'''
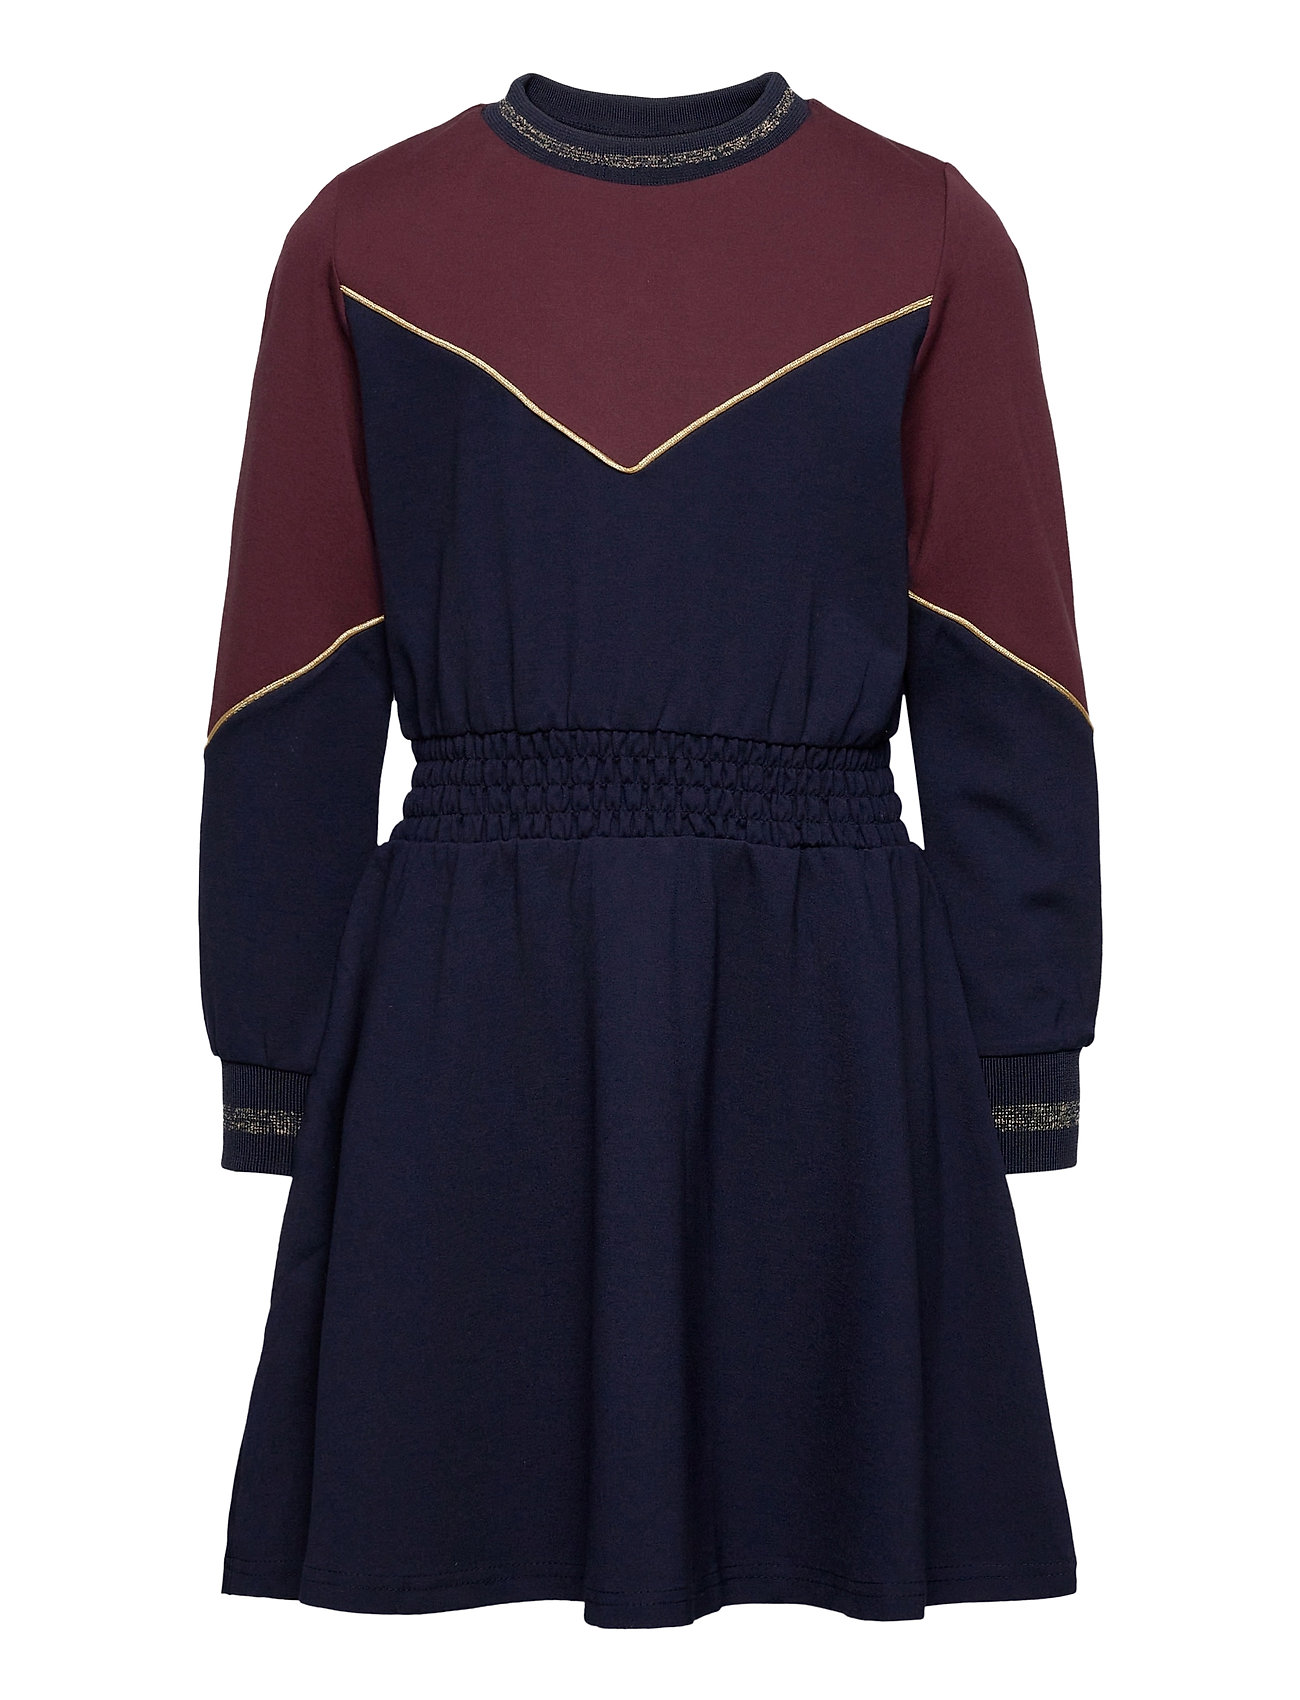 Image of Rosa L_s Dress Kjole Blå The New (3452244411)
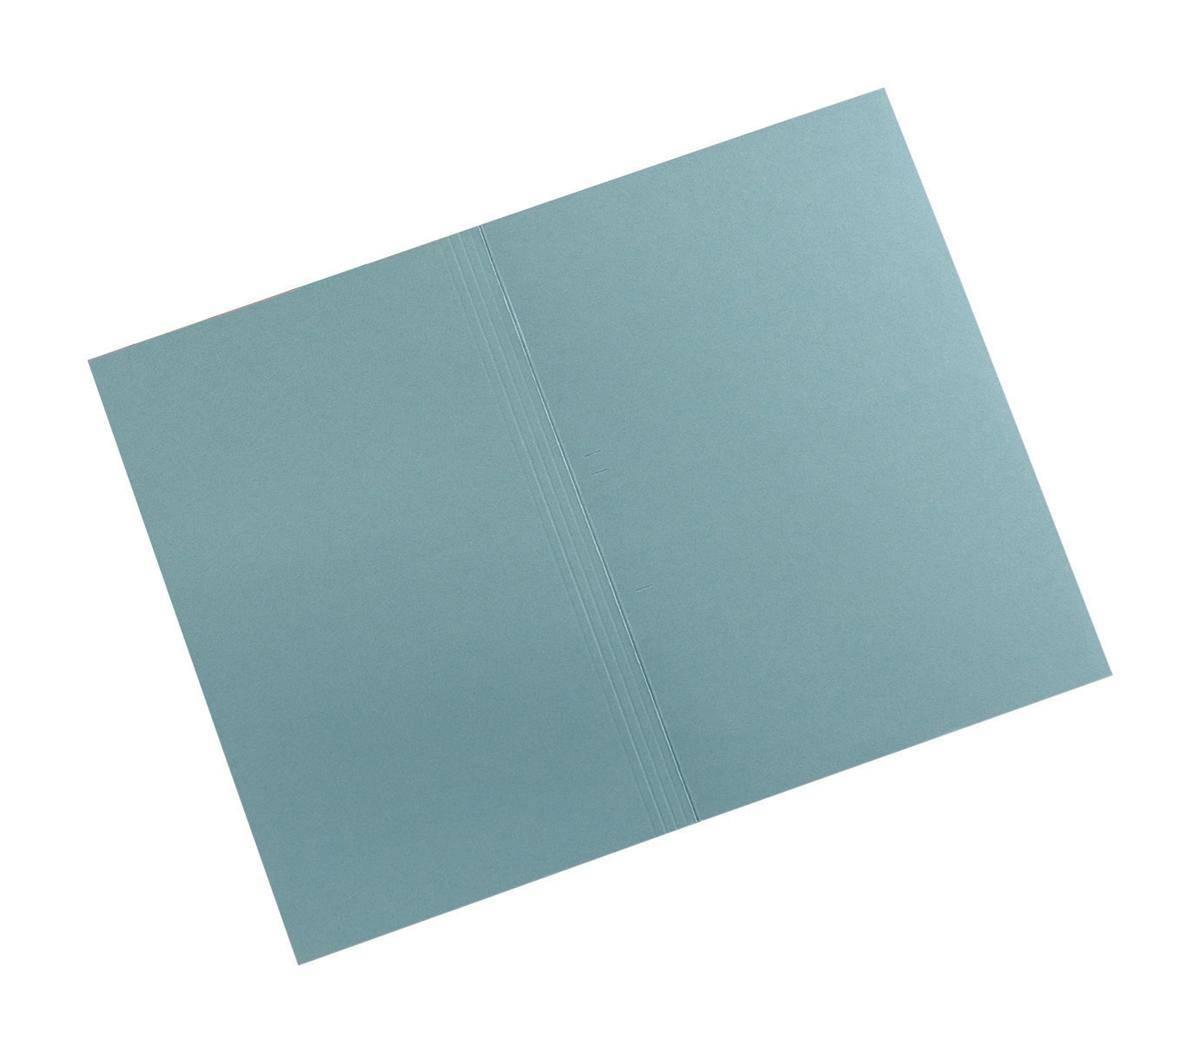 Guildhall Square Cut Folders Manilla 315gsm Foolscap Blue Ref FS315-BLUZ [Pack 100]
'''
'''
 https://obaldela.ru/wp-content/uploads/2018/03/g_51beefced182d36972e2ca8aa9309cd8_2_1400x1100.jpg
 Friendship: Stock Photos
'''
→ What is expected
Pictures excluded, give again exactly and only the lines of the material above from the line with "Image of Rosa" through the line with "Guildhall Square Cut".

→ Answer space
 Image of Rosa L_s Dress Kjole Blå The New (3452244411)
 Guildhall Square Cut Folders Manilla 315gsm Foolscap Blue Ref FS315-BLUZ [Pack 100]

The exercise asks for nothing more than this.